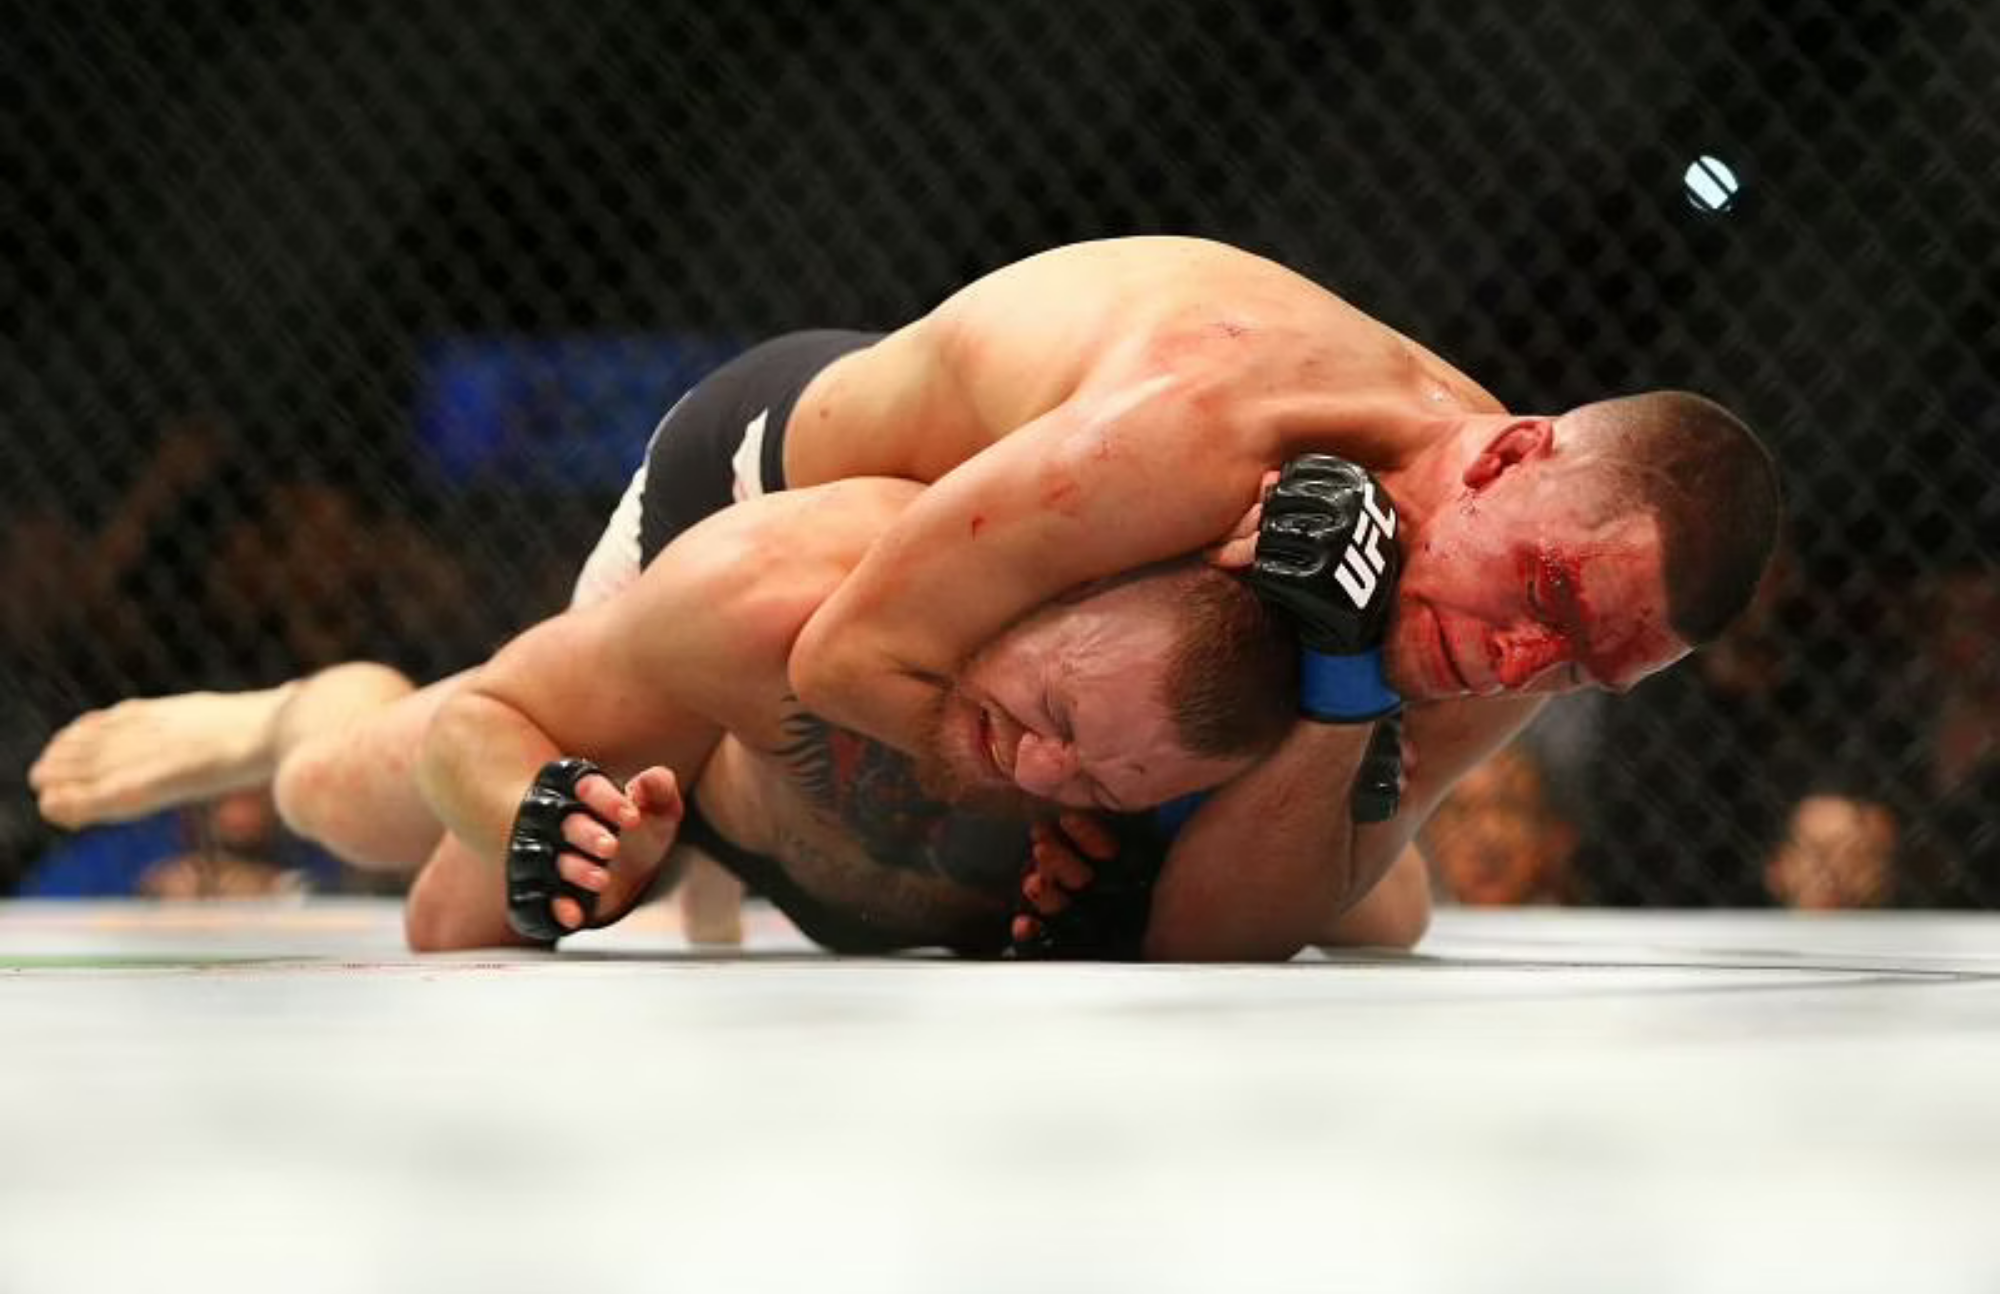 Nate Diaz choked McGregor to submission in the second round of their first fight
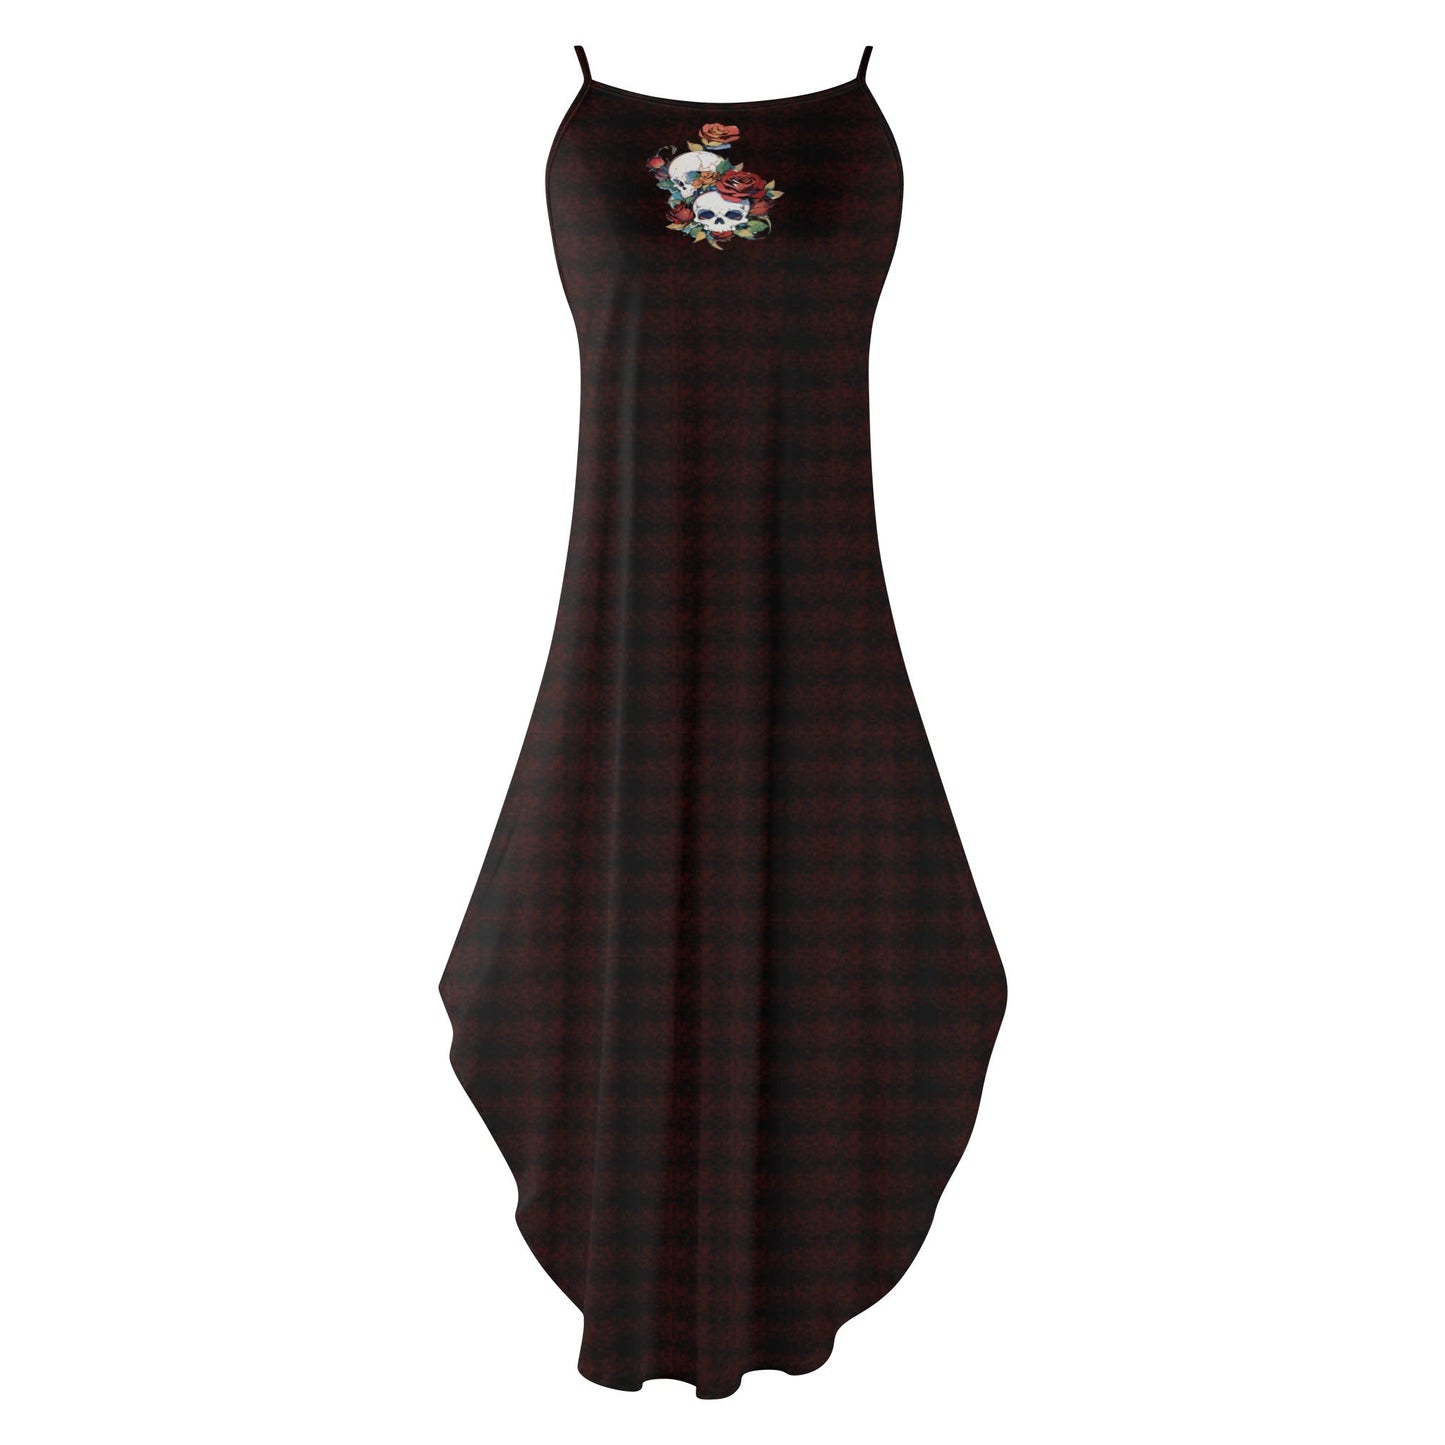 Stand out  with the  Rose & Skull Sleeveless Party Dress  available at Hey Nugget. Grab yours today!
--
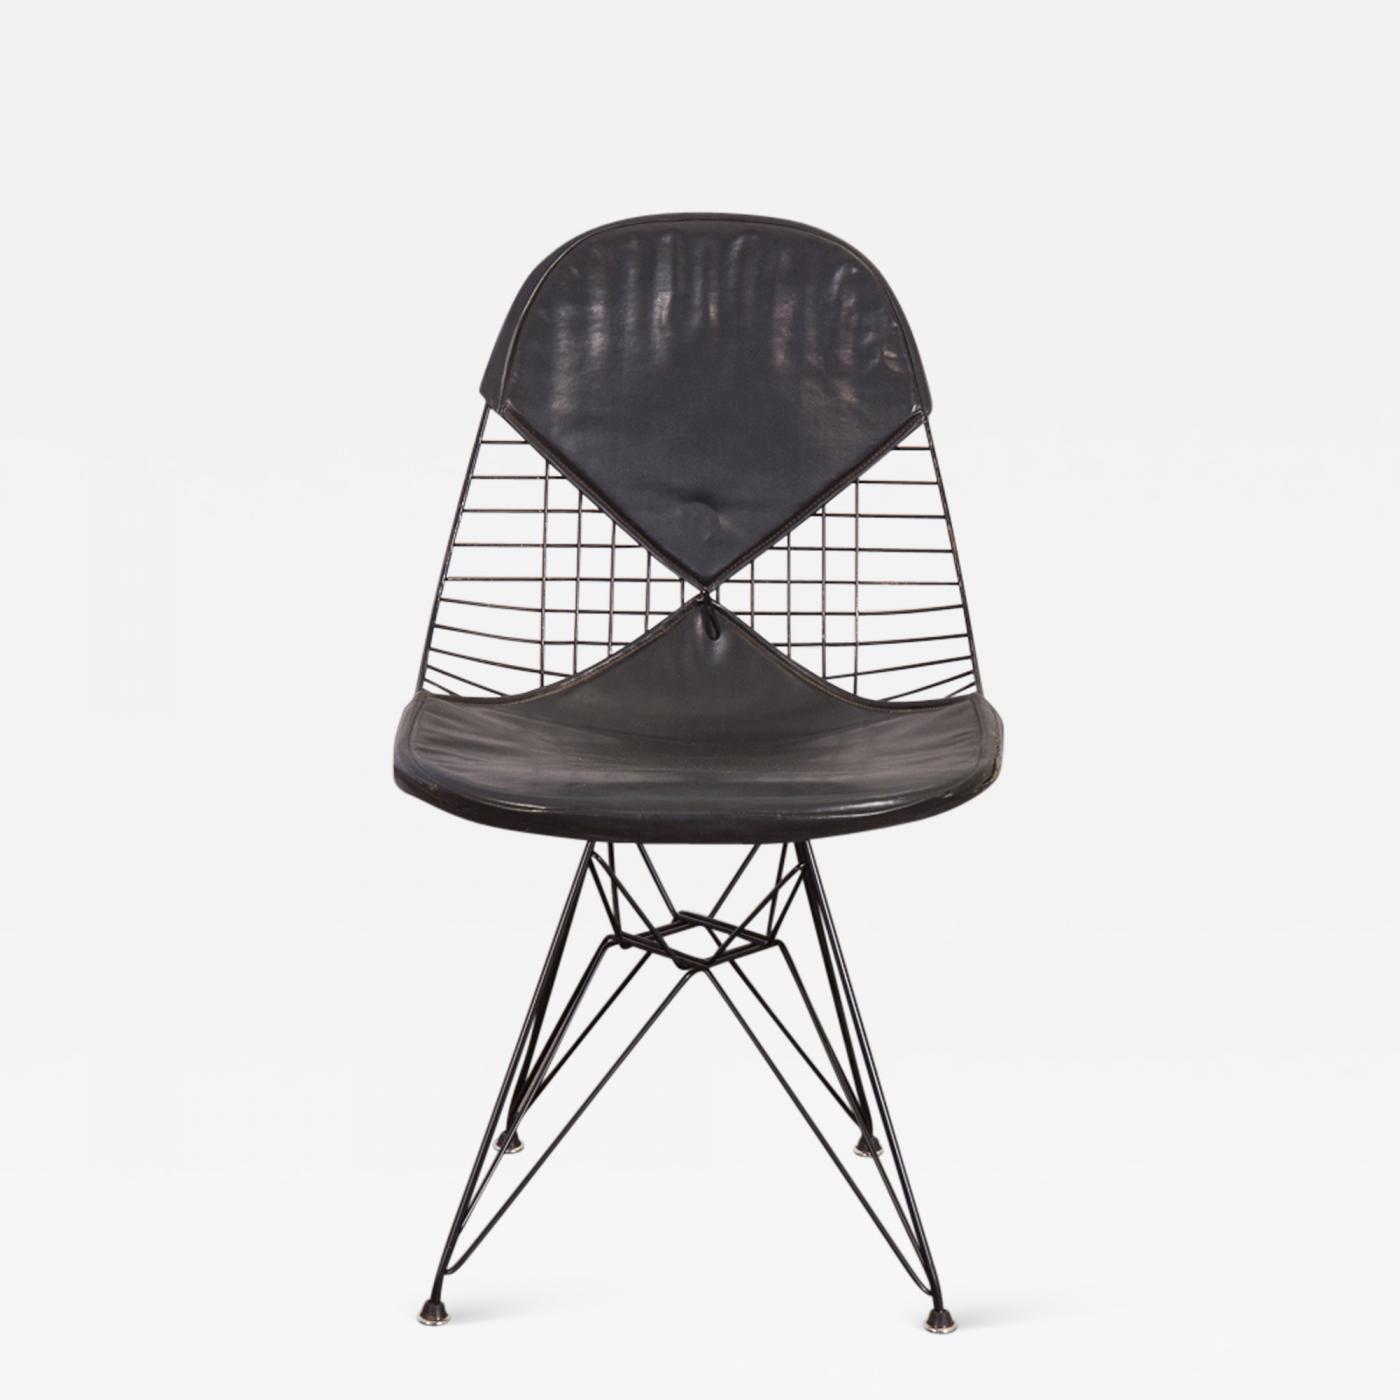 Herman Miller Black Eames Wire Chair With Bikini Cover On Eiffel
* * *
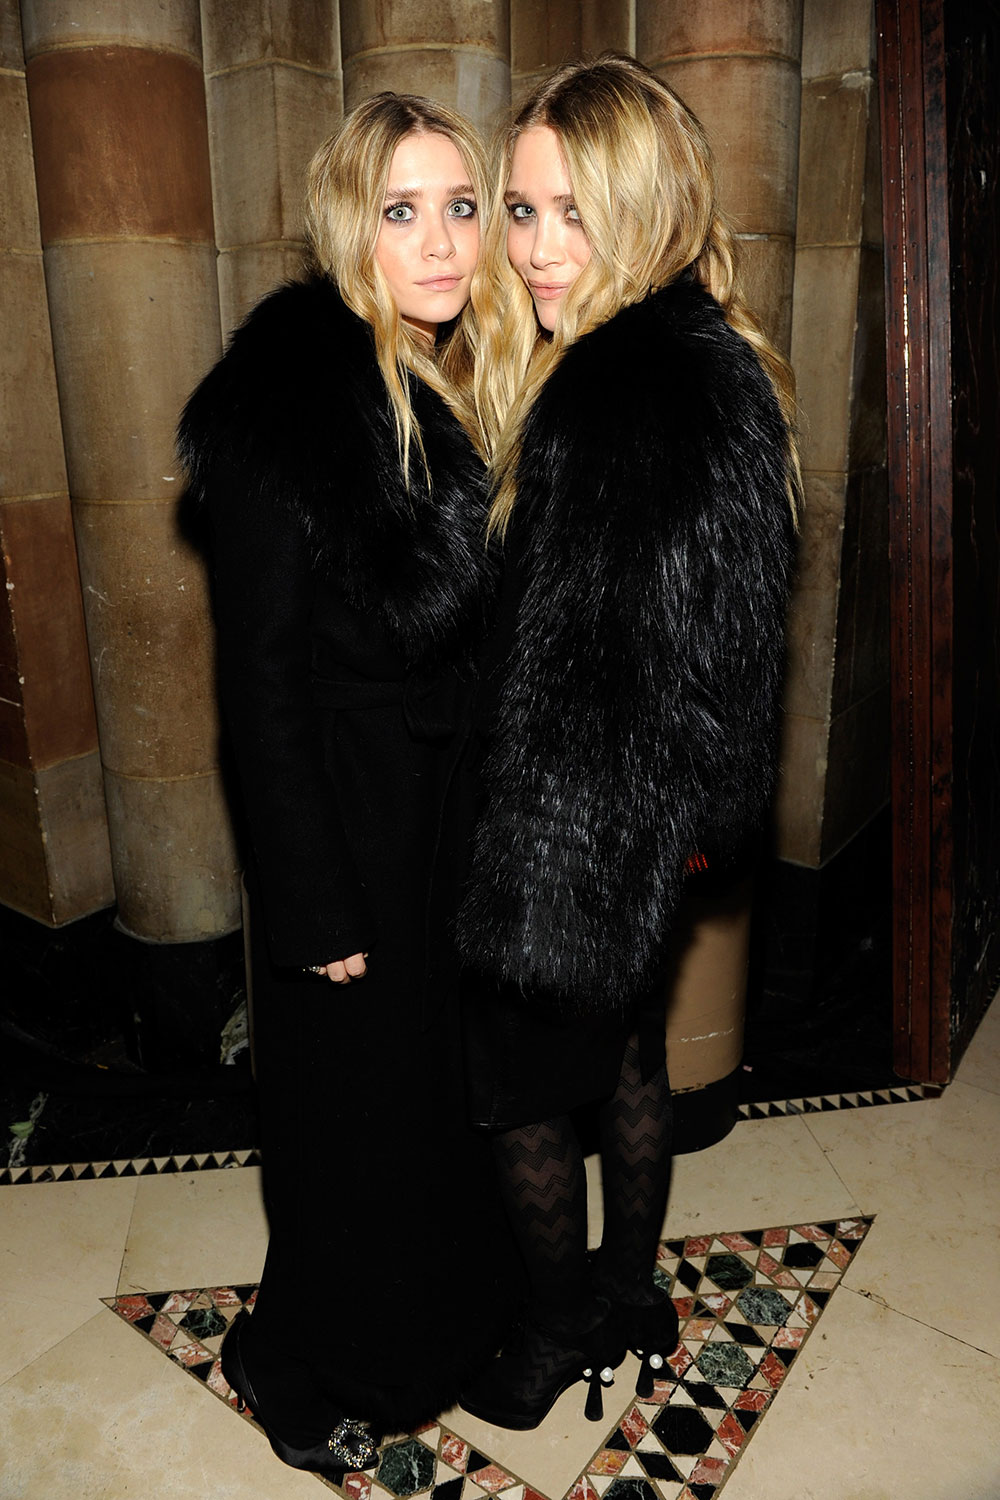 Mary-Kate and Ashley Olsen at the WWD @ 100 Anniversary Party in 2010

• [Task brief]: Of the lines above, copy only those from the one holding "Nate Diaz choked" to the one holding "Grab yours today!", both included, and exclude every image.

• [Task output]:
 Nate Diaz choked McGregor to submission in the second round of their first fight
 Stand out  with the  Rose & Skull Sleeveless Party Dress  available at Hey Nugget. Grab yours today!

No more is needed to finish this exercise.